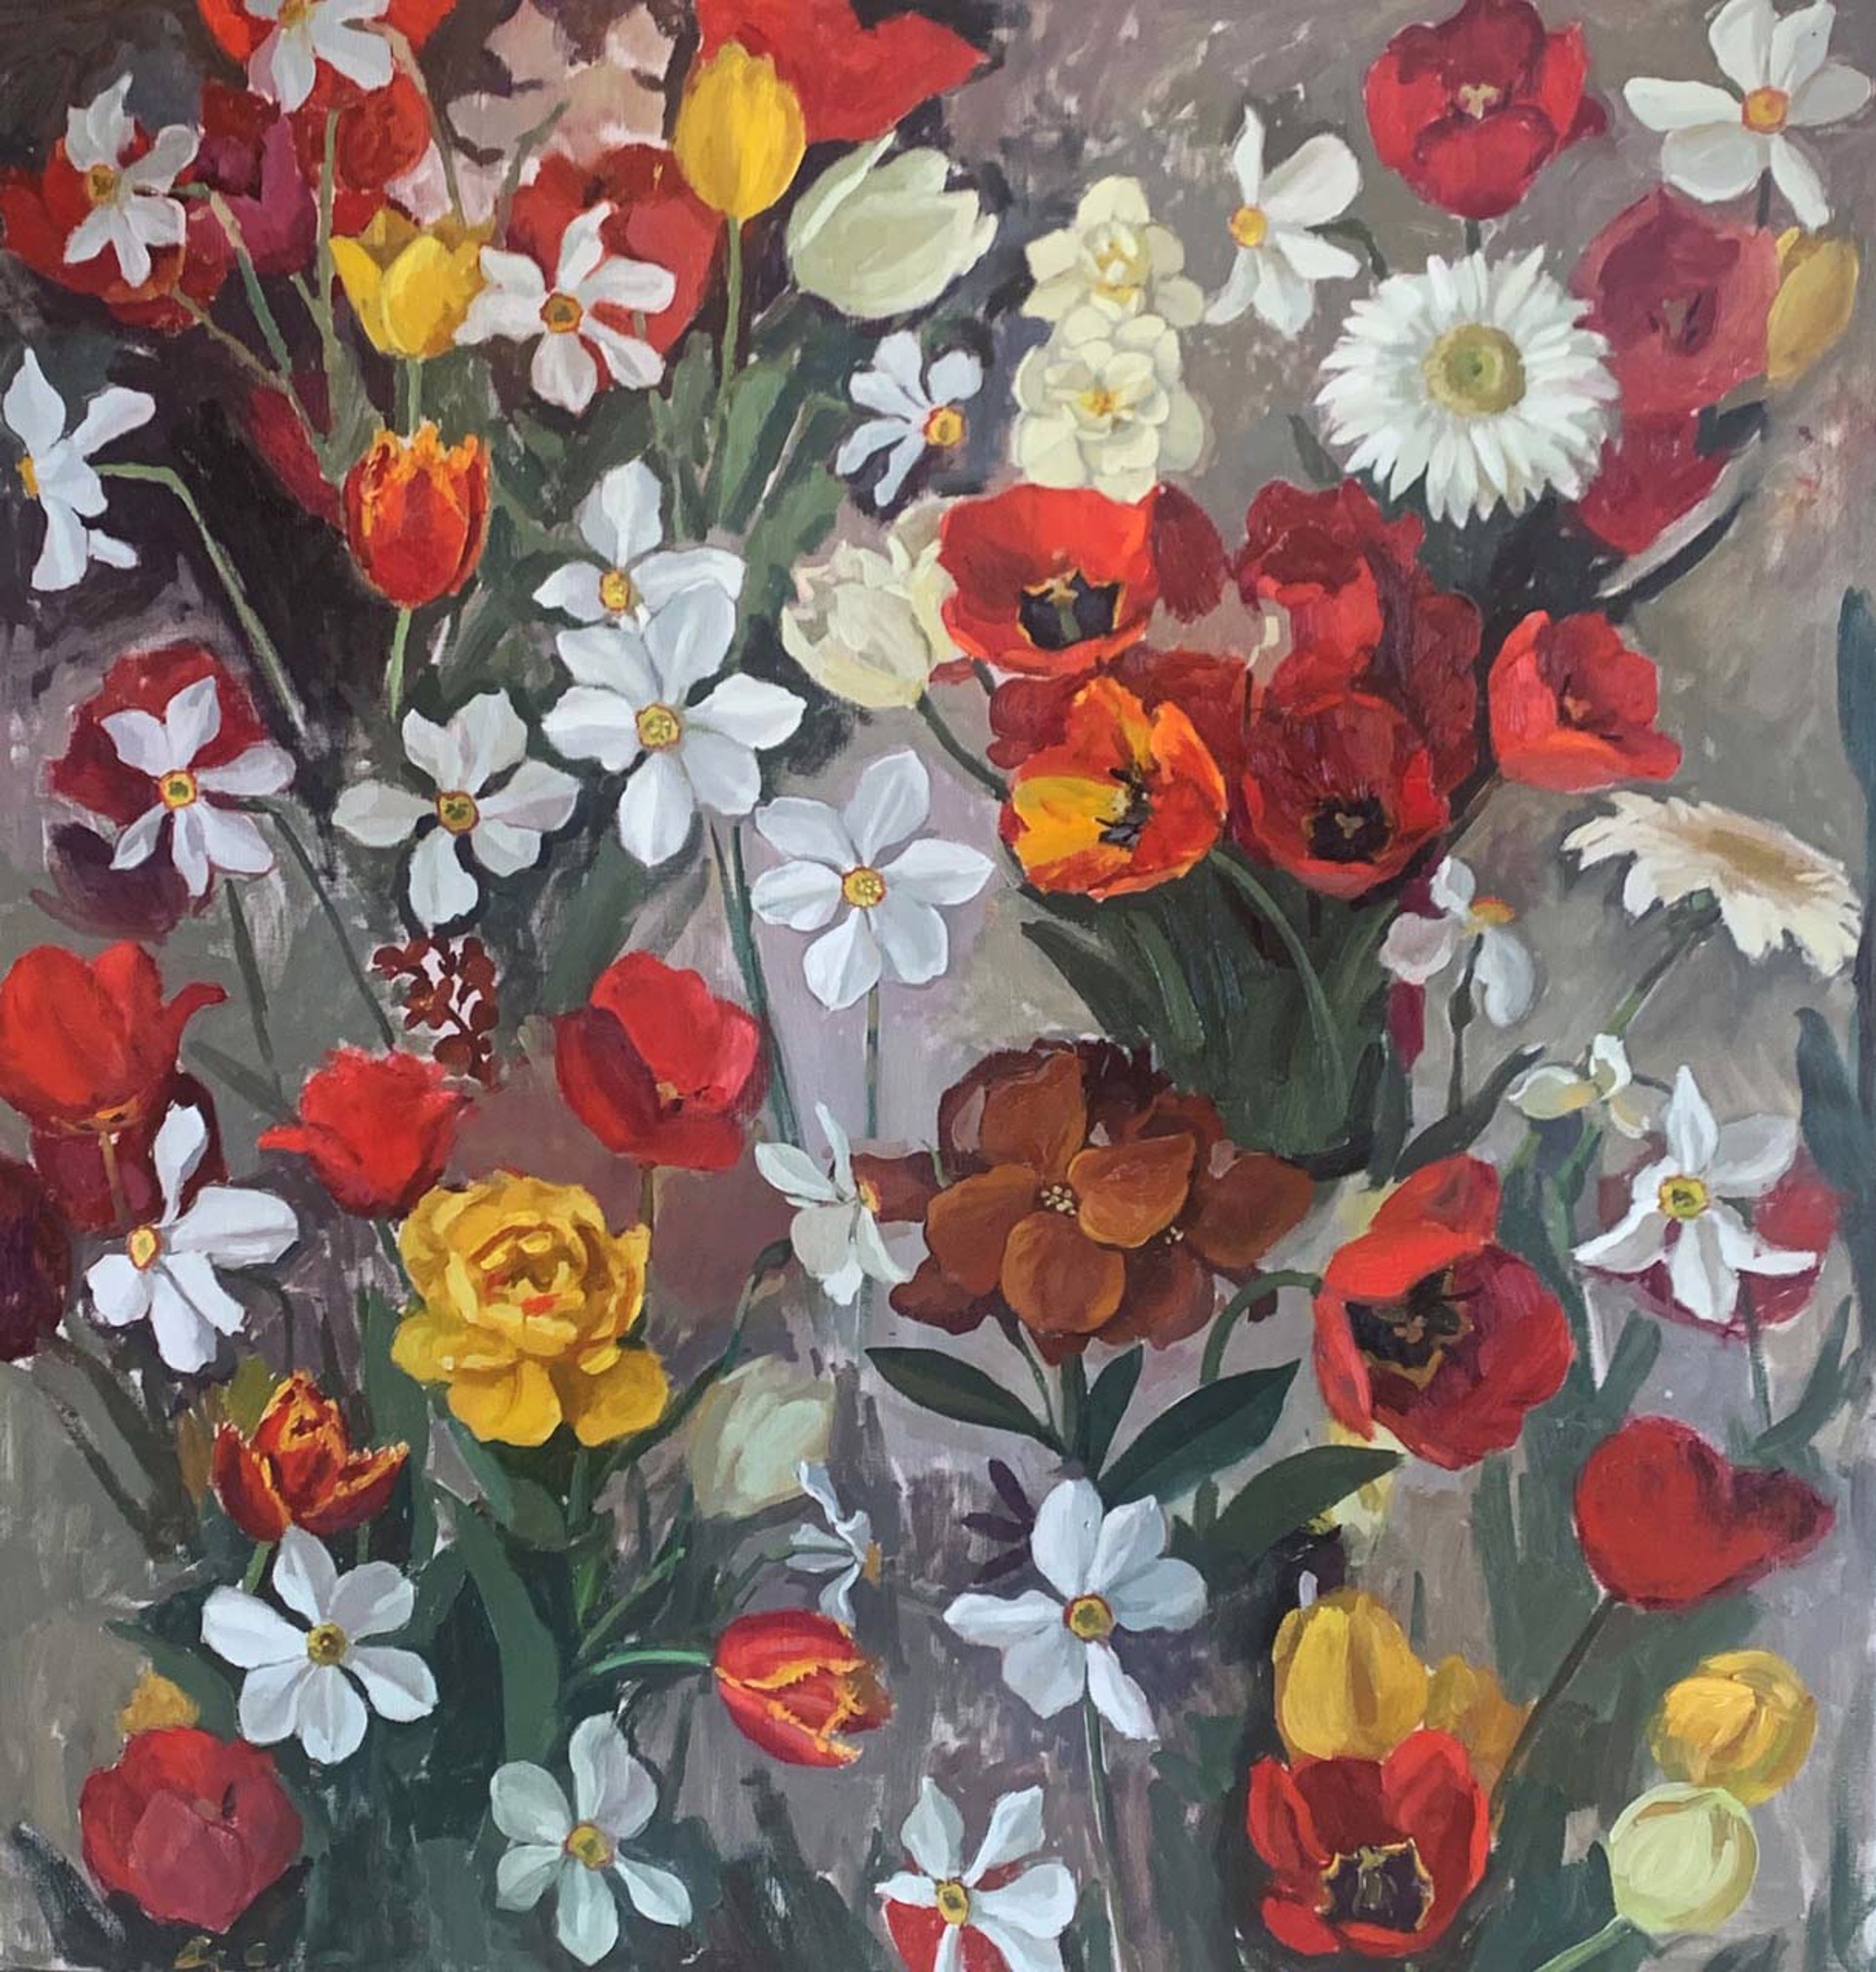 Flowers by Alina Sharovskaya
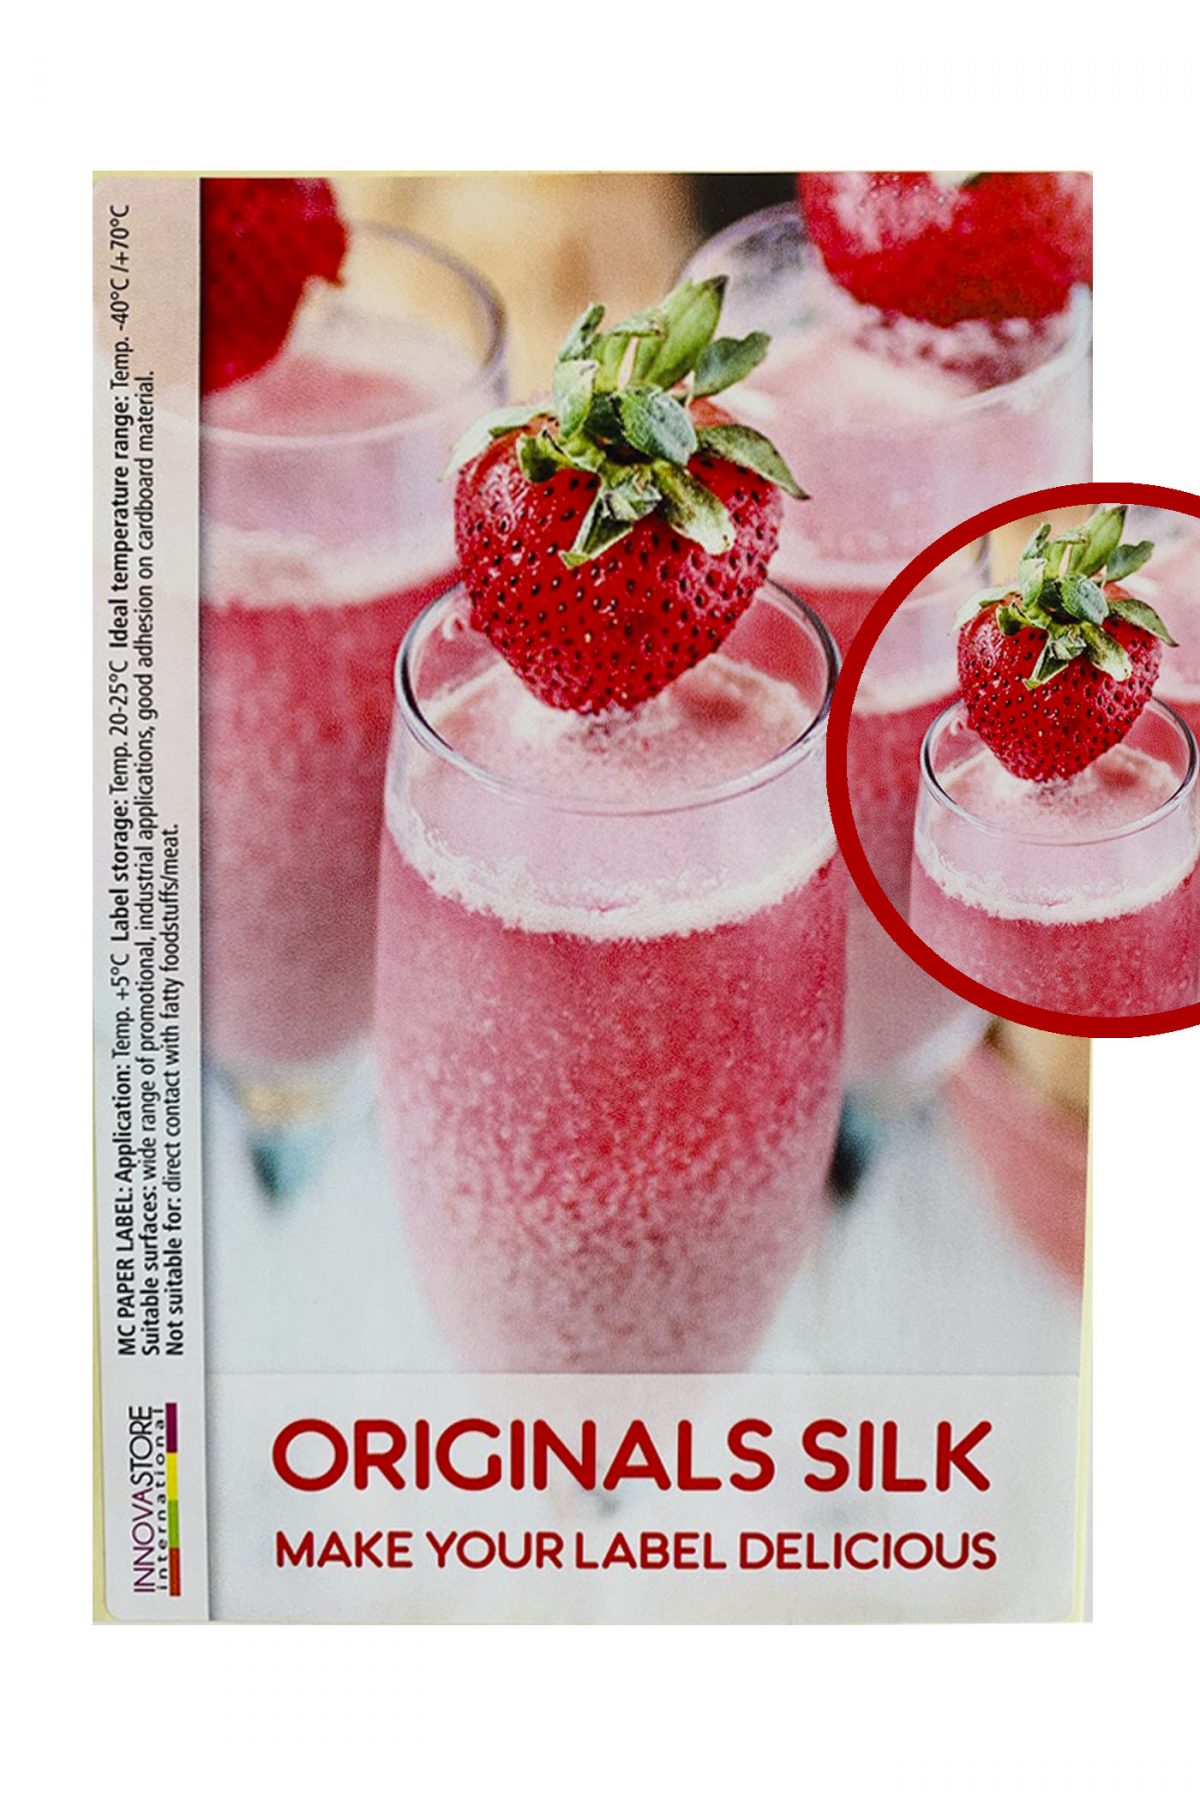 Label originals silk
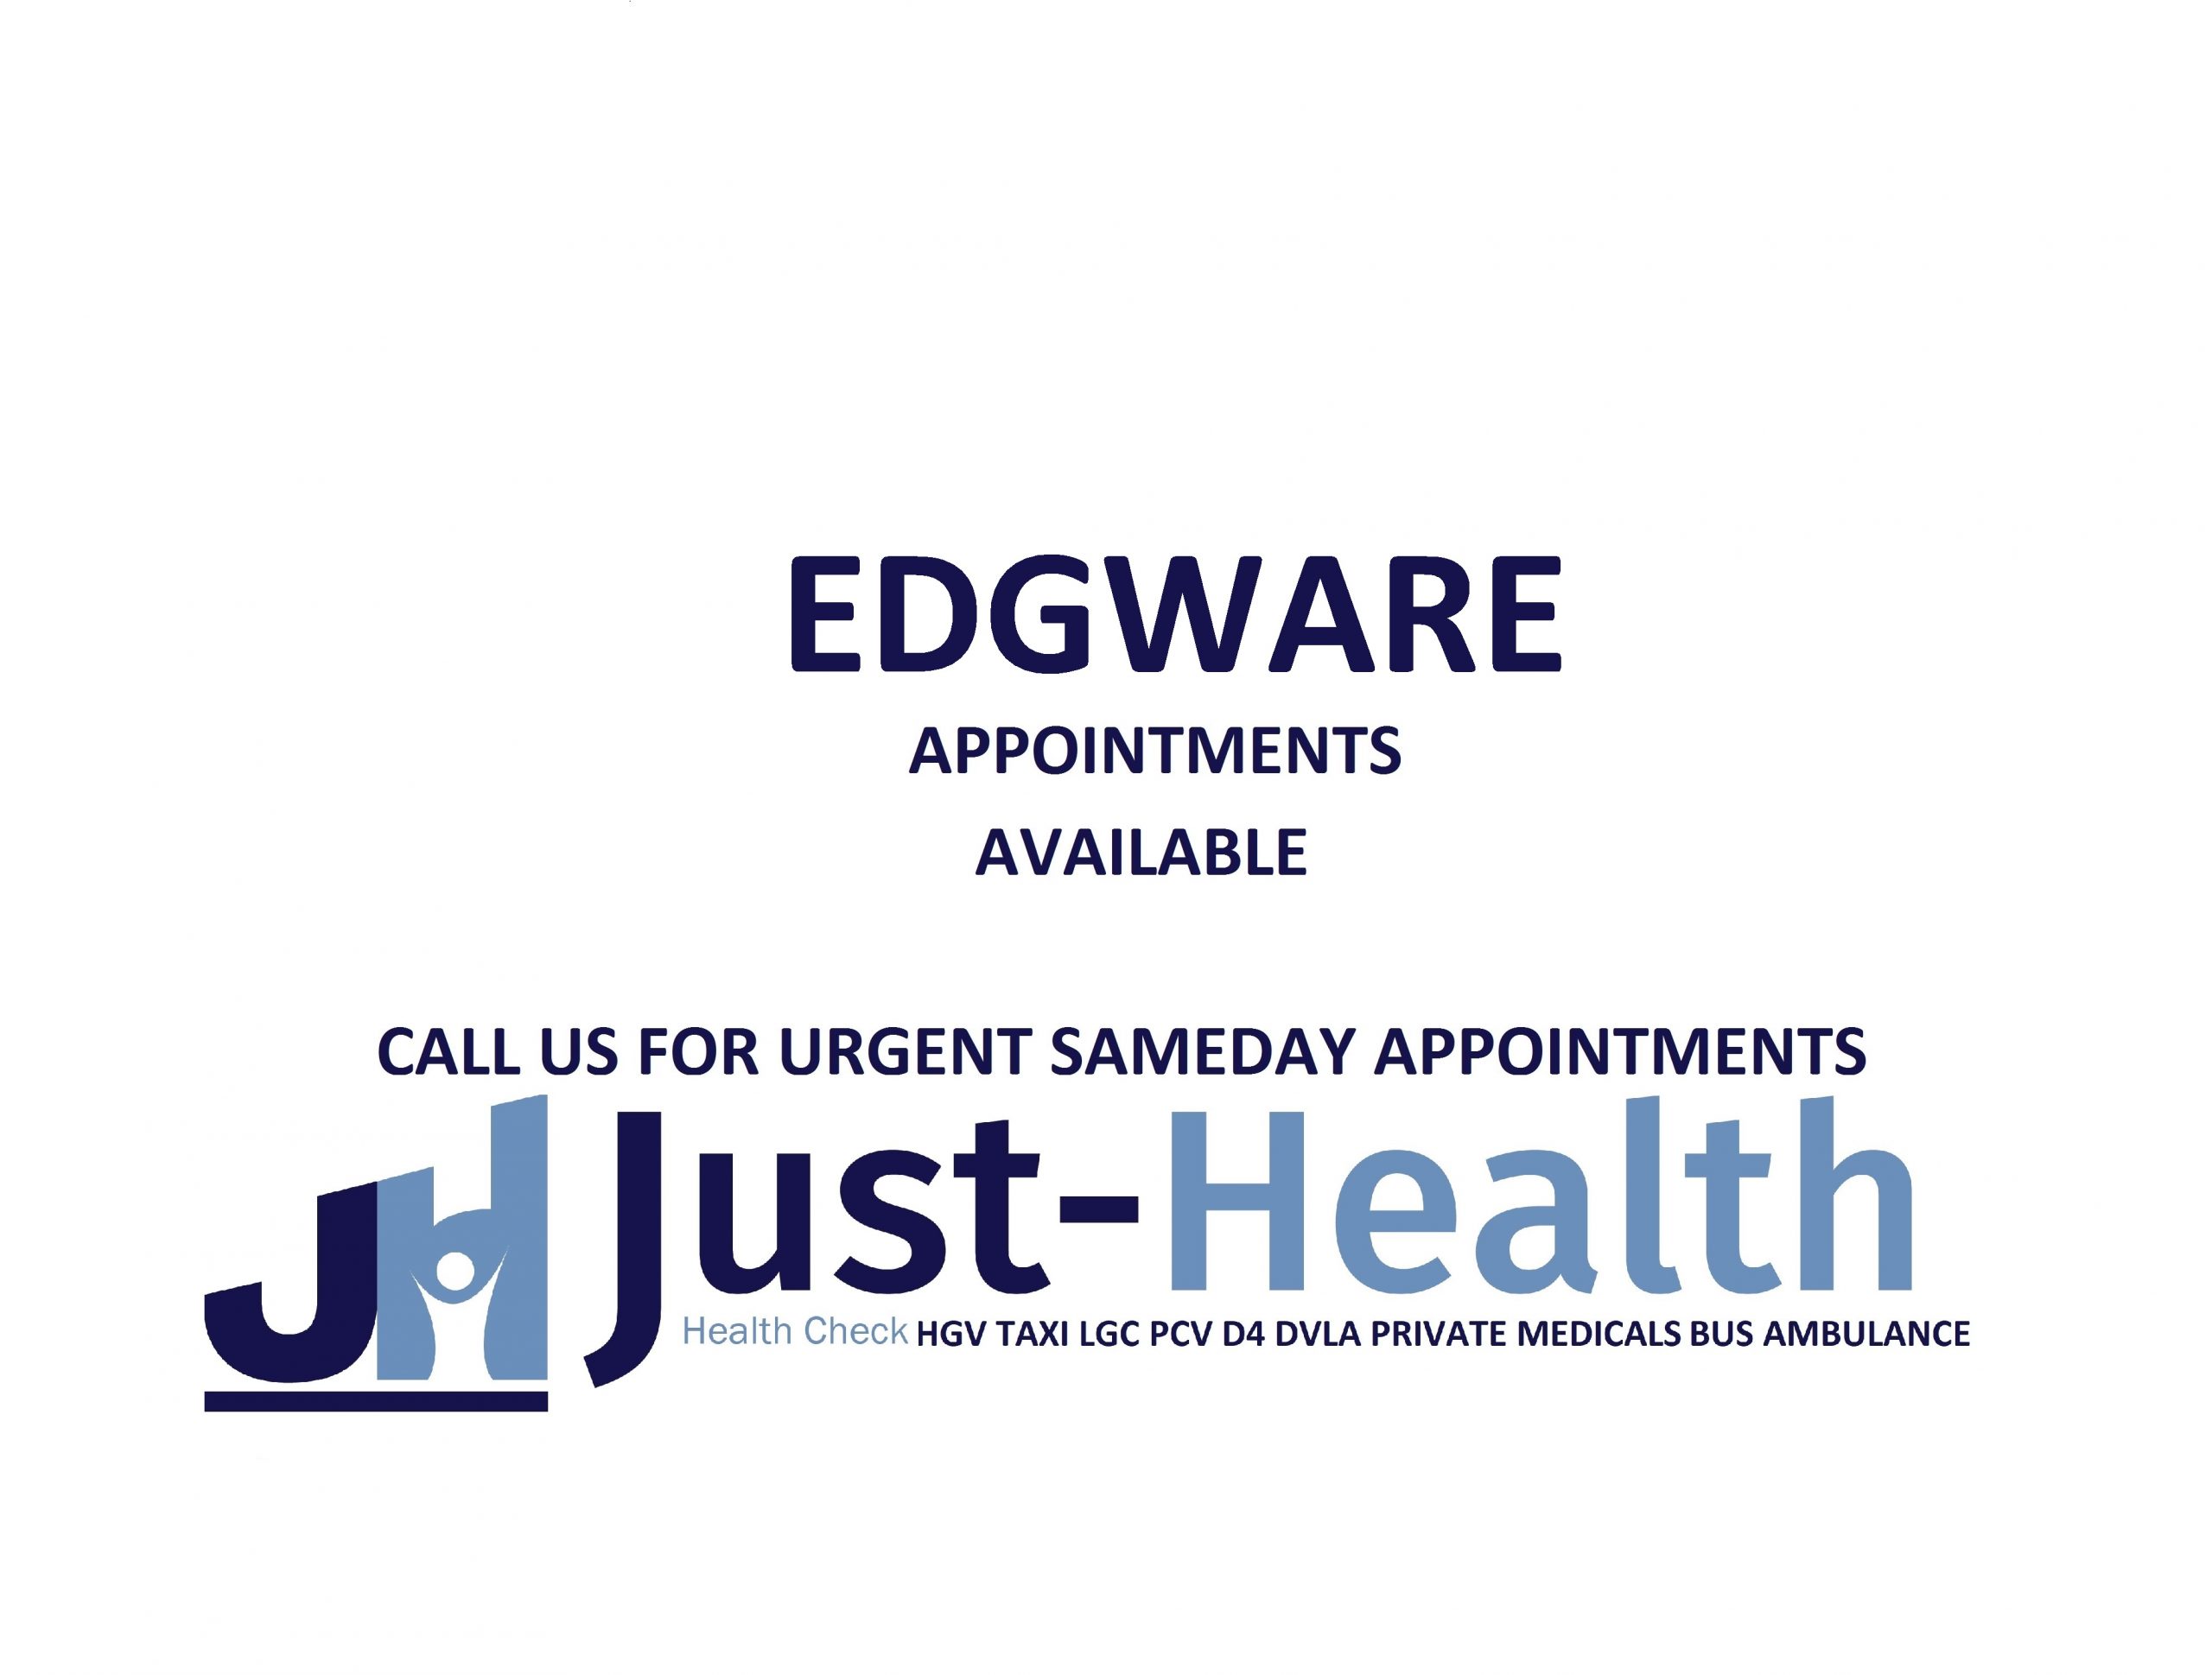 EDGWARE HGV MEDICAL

#### Prompt:
Where a picture appears in the listing above, skip it and set down all the rest exactly.

#### Result of the exercise:
 Flowers by Alina Sharovskaya
 Label originals silk
 EDGWARE HGV MEDICAL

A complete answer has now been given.